This chapter provides an overview of the study's history, research problem, objectives, and
questions. It also discusses the study's importance, delimitations, and limitations. After that, a
summary of the chapter follows.

1.1BACKGROUND OF THE STUDY

Businesses everywhere are facing more and more pressure to think about their environmental
impact rather than just their financial performance(Phu et al. 2020). An increasing amount of
focus is being placed on nature and the surrounding environment as sustainable development
gains traction worldwide. According to M. Hasyim Ashari (2021), businesses have a social
obligation to safeguard the environment and advance sustainable development. As a corporate
philosophy, sustainable accounting is now gaining ground this Generation Z, especially when it
comes to adoption on a global scale. The integration of the three performance domains—
economic, social, and environmental—is commonly understood as sustainability(Phu et al.
2020).

According to Rahman and Ekramoglu (2023), green accounting, also known as , is a branch of
accounting that measures, communicates, and interprets a country's or company's financial
activities by combining economic and environmental data. This approach shows how economic
decisions affect the environment by documenting environmentally friendly corporate activities
on balance sheets(Dura and Suharsono 2022). Green accounting is growing more and more
significant in light of the need to protect the environment and to foster sustainability (Joshi &
Rahman, 2015). Traditional accounting systems primarily focus on financial aspects, often
overlooking the environmental impact of economic activities. However, in an era where
sustainability and environmental consciousness are critical, there is a growing need to integrate
environmental considerations into accounting practices. Green accounting can be broken intro
three branches which are environmental accounting
Due to the industry's explosive growth, some business people have come under fire for not
maintaining the corporate environment in line with the nation's economic boom. The company is
driven to improve its performance by these dangers. To protect future generations, however,
businesses must take into account the economic order while preventing environmental harm.
Thus, one of the ways the organization tries to consistently sustain the advancement that
contributes to human well-being, both now and in the future, is through sustainable
development(Dura and Suharsono 2022). This implies that all businesses will constantly be
involved in long-term initiatives aimed at fostering community and economic growth (Loen,
2018).

In today's cutthroat business environment, a company's ability to survive depends on its capacity
for sustainable development. Revenue growth that a business may accomplish within its
operational and budgetary limits is referred to as sustainable development (Patel, João, Pagano,
& Olson, 2020). To attain development sustainability, which also emphasizes a company's
performance on social and environmental concerns, businesses must go above and beyond the
financial baseline. According to Elkington, 1997, he highlighted the three fundamental values:
economic prosperity, social justice, and environmental purity. One key concept in the
implementation of corporate sustainability is sustainable development. A subset of corporate
operations involved in attaining sound strategy and performance results is called sustainable
development(Dura and Suharsono 2022).

Green Accounting System (GAS) proposes a framework that considers the environmental impact
of firms within their accounting system. It goes beyond financial metrics to include
environmental information, such as Environmental costs like Cleaning of contaminated areas,
waste treatment, fines, and taxes related to environmental violations, green technology
acquisitions for example Investments in eco-friendly technologies, and Integration of
environmental externalities like accounting for indirect effects on the environment.
In Colombia a developing country, an exploratory study was conducted. The study analyzed 150
Colombian industrial and commercial companies. Surprisingly, 100% of these companies had
not yet integrated environmental practices within their accounting systems (Gonzalez & Peña
Vinces, 2023). Other developing countries like Zimbabwe around the globe are still struggling
with implementing GAS in all their companies (Chengeta, Moyo, & Mapfumo, 2024).

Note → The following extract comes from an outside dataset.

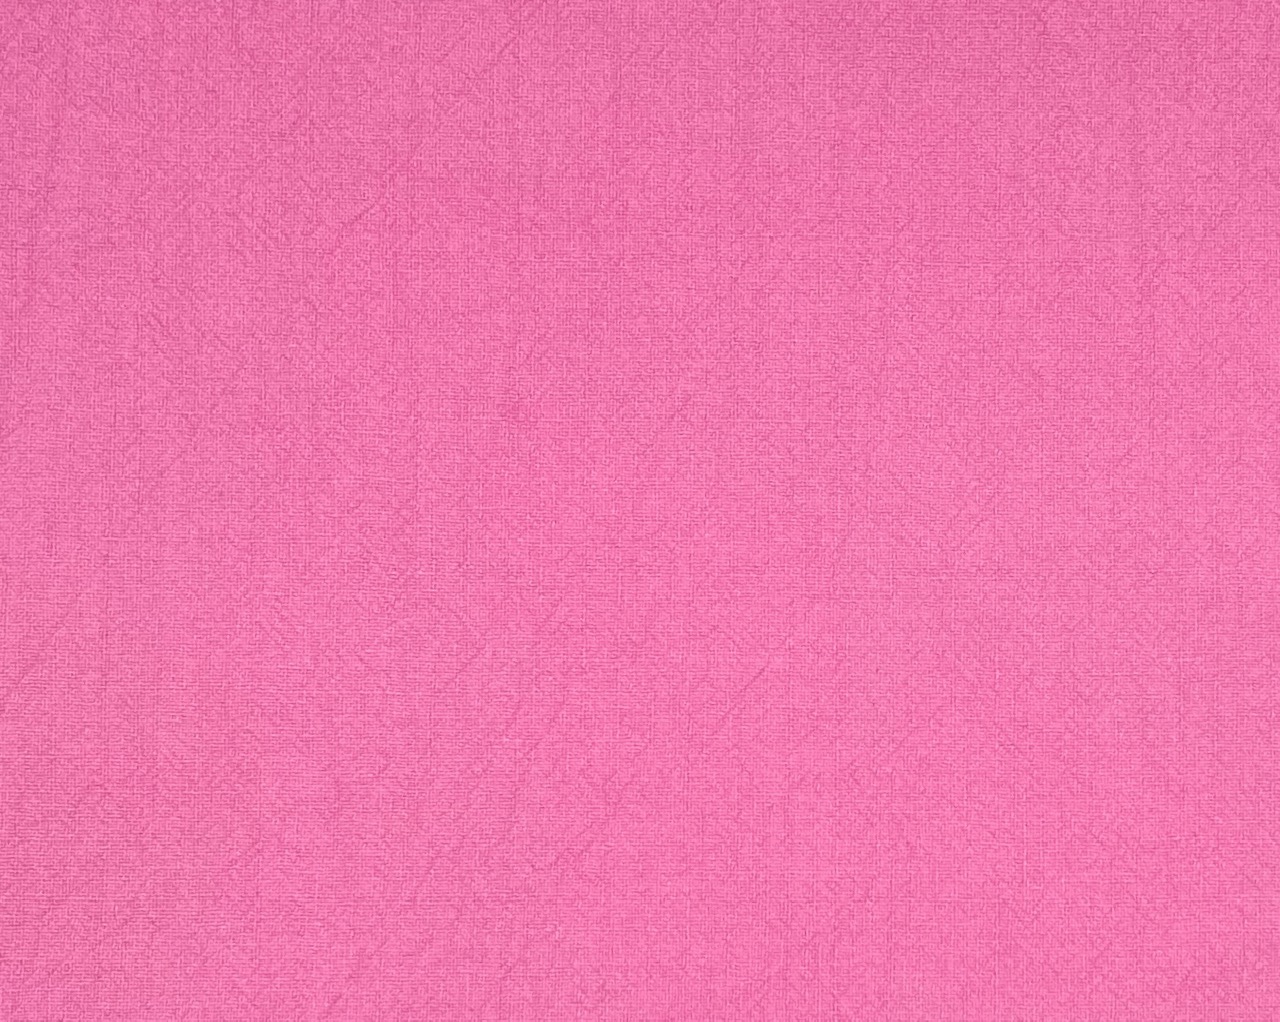 Einfach Pink it is richtig riesig! (140x100cm)

Zimbabwe is facing environmental challenges such as deforestation, soil degradation, and water
scarcity. Green accounting helps quantify the costs associated with these challenges. However,
Zimbabwe is committed to achieving the United Nations’ Sustainable Development Goals
(SDGs). Integrating green accounting aligns with SDG 12 which is Responsible Consumption
and Production and SDG 13 for Climate Action (United Nations, 2024).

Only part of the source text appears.